Сухие формулировки я оставил для вороха отчетов, здесь же я могу изложить, к своему большому облегчению, те наблюдения, какие наши штатские психологи назвали бы дилетантскими, если не сказать детскими. Но умолчать я об этом не могу. Дело в том, что все в его поведении навеивает мне один далекий образ из детства. Сдается мне, что все мы, будучи еще совсем маленькими, услышав от взрослых что-то о предопределенности будущего, стараемся его всеми силами нарушить.
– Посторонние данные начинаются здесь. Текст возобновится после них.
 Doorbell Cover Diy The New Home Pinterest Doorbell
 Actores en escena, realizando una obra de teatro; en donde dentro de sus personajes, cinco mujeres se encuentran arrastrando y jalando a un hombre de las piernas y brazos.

Но все, на что хватает нашей детской смекалки, – это хаотично размахивать конечностями в надежде, что каким-то из этих, как нам кажется, спонтанных движений временная петля уж точно будет разорвана. Но чулок обреченности всякий раз принимает формы всех наших сопротивлений.
Звонок поступил от мамы нового подопечного со следующей формулировкой: «Ходит по комнате, дергается, брыкается, на просьбы не отвечает, в руки не дается, приезжайте». Мы с пониманием относимся к людям и не стали выспрашивать, почему вызвали именно нас, а не службу белых халатов. Дело в том, что мы не работаем ни с кем, кроме системы госфинансирования, которая, однако, с нами работает очень неохотно. Проще говоря, мы вне компетенции госучреждений и потому никаких уведомлений ни по месту учебы, ни по месту работы не отправляем. Таким образом, всем новоприбывшим обеспечивается естественная анонимность, так излюбленная порядочными людьми, когда дело касается их грязного белья. Человек, определенный к нам, становится социальной невидимкой. Он пропадает и для соседей, и для работодателя. И это против нашей воли роднит нас с НКВД, только без черных воронков – бюджет не резиновый.